### AVAILABLE RECORDS
_____

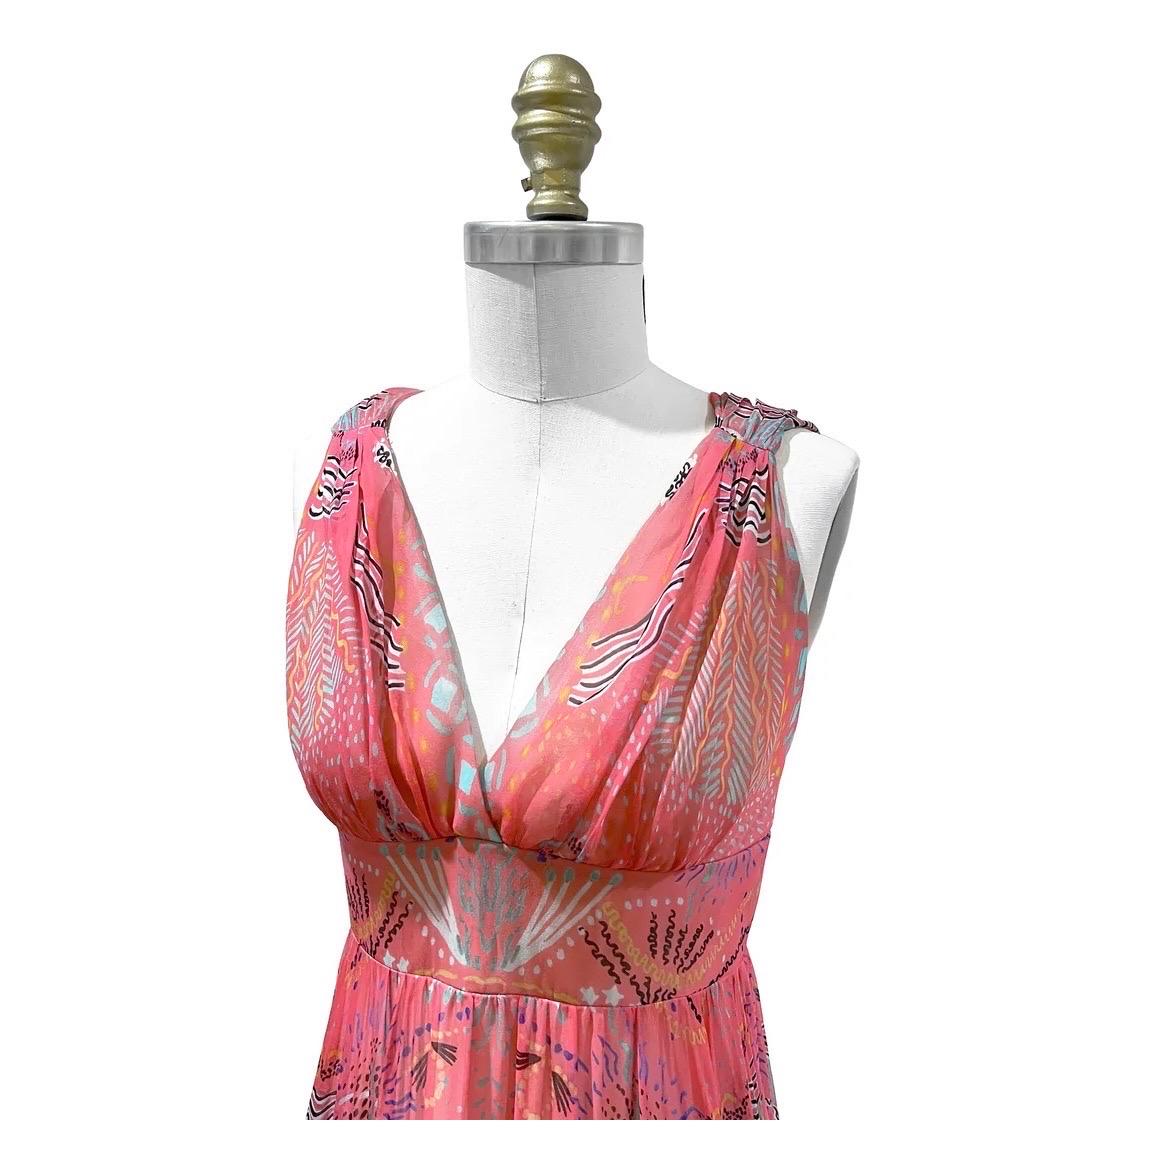 Empire Squiggle Print Dress by Christian Dior  
Made in France 
Pink 
Abstract squiggle print detail throughout dress
Sheer silk fabric

_____

### YOUR GOAL
Without the pictures, restate all the entries above exactly.

### RESPONSE TO THE EXERCISE
 Empire Squiggle Print Dress by Christian Dior  
Made in France 
Pink 
Abstract squiggle print detail throughout dress
Sheer silk fabric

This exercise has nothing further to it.